American companies based in Aberdeen became nervous that a Scottish breakaway, socialist in outlook, was threatening their interests. Pressure was exerted on the government to control the situation.
Professor McCrone's report, in such volatile circumstances, would almost certainly have provoked a turning point in the history of the United Kingdom.
Billy Wolfe, who was leader of the SNP at the time and the man credited with developing the nationalists as a clearly defined left-of-centre political party, is in no doubt of what the McCrone findings could have meant.
"If that information had been published before the October 1974 election," said Mr Wolfe, "we would have won Scotland and it would be a much wealthier and happier place."A whole lot of economic factors would be a lot different, especially in the fishing, steel and shipbuilding industries. It would have been a tremendous boost for Scotland."
Tam Dalyell, who served as Labour MP in West Lothian for 43 years, agrees that the document could have led to independence. "In my view it might have done," he said. "It could have tipped the balance it a number of seats including mine. Oil was very much a totemic issue. It was new and it was dramatic. Politics at that time was very different. In 1974 my majority went from around 6,000 in February to around 2,000 after the October general election. "It was most unpleasant. People were saying 'it's our oil'."
By the mid 1970s, international convention had already agreed that the North Sea north of the 55th parallel was under Scottish jurisdiction. That meant around 90 per cent of the UK's oil and gas reserves fell within Scottish waters. Such was the fear of the rise of Scottish nationalism that the document remained secret under the governments of Callaghan, Thatcher, Major and even Tony Blair.

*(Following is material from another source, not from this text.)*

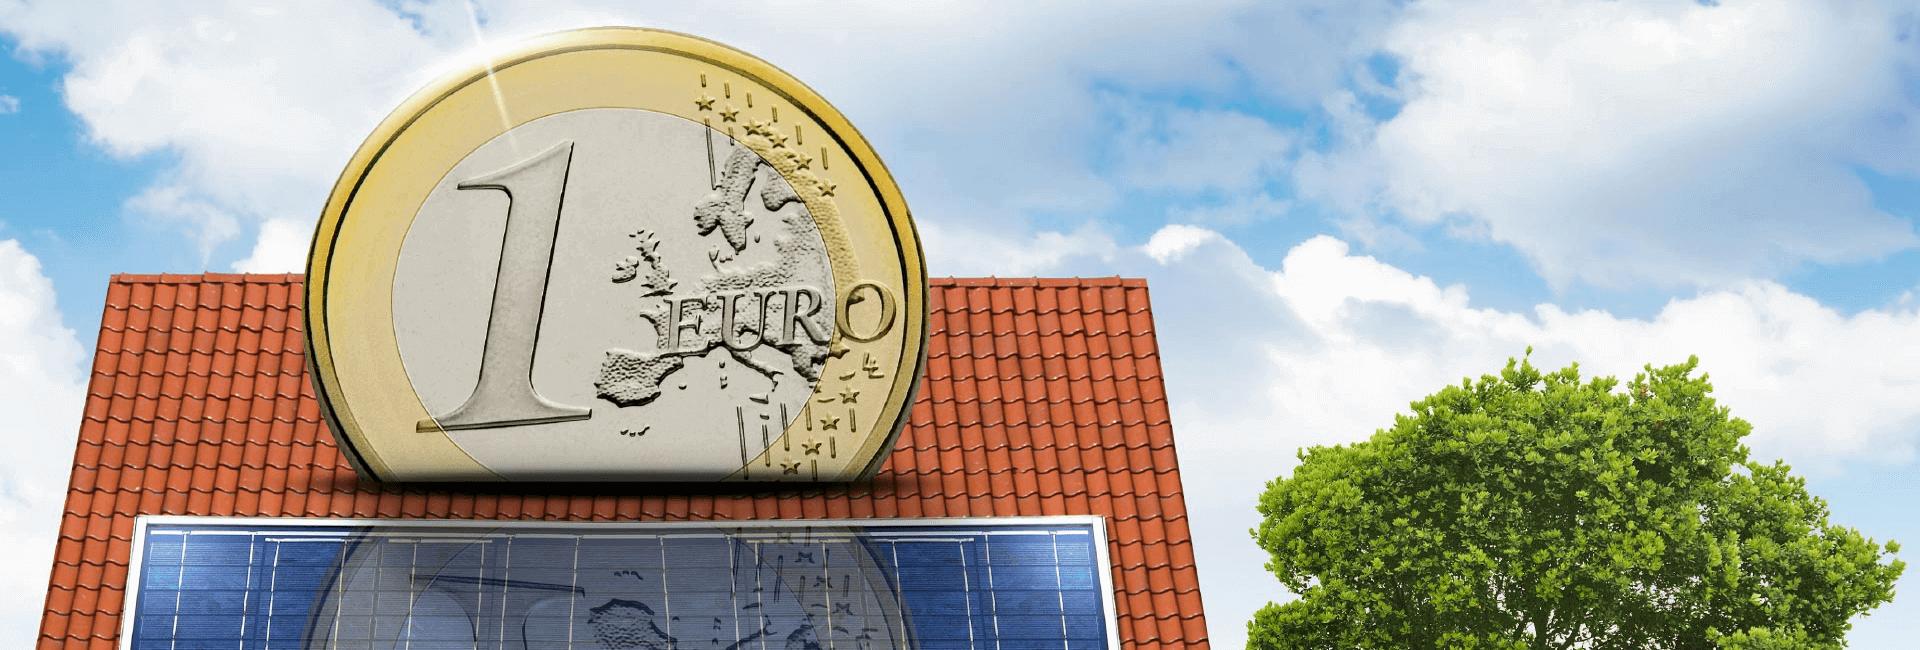 economie-installation-photovoltaique

Its very existence only emerged when Scottish National Party researchers, thought to be acting on a tip off from a former official, placed a carefully-worded request under the freedom of information legislation.
Next week the Scottish Executive is due to publish the annual Government Expenditure and Revenue in Scotland analysis, which charts expenditure north of the border.
Statistics for 2002- 03 showed expenditure per head of £6,579 in Scotland compared with £5,453 in England. It also showed that Scotland received £9.3 billion more than it took in taxes. It is an old English nationalist refrain that the Scots are both over-subsidised and over-represented in the British Parliament.
In response to the first of those charges, for the first time in thirty years the Scots now, in the form of Professor McClone's suppressed report, have hard evidence to suggest that it could have been Scotland, not England, sending money across the border. Yesterday Alex Salmond, the SNP leader, made it clear that the 31-year-old McClone papers were not just a dusty history lesson, but would form a central part of their campaigning for the future.
He said: "The impact of this would have been dynamite. It would have had great influence.
"I was astonished by how direct the paper was, and appalled at the extent of what has been hidden from the people. McCrone was saying that an independent Scotland would be Europe's Switzerland. The Labour party were saying that it would be like Bangladesh.
"This is hugely important. But it was not just important then. It is important now. Gordon Brown's black hole is being filled by black oil." At the time of Professor McCrone's report to the cabinet office, the SNP claimed that North Sea Oil would yield £800 million a year for the government by 1980.
Professor McCrone's main criticism of their analysis was that their forecasts were "far too low". He put the sum at about £3 billion. Scottish independence had become a mortal threat to the British exchequer. "The importance of North Sea oil" wrote, the Professor, "is that it raises just this issue in a more acute form than at any time."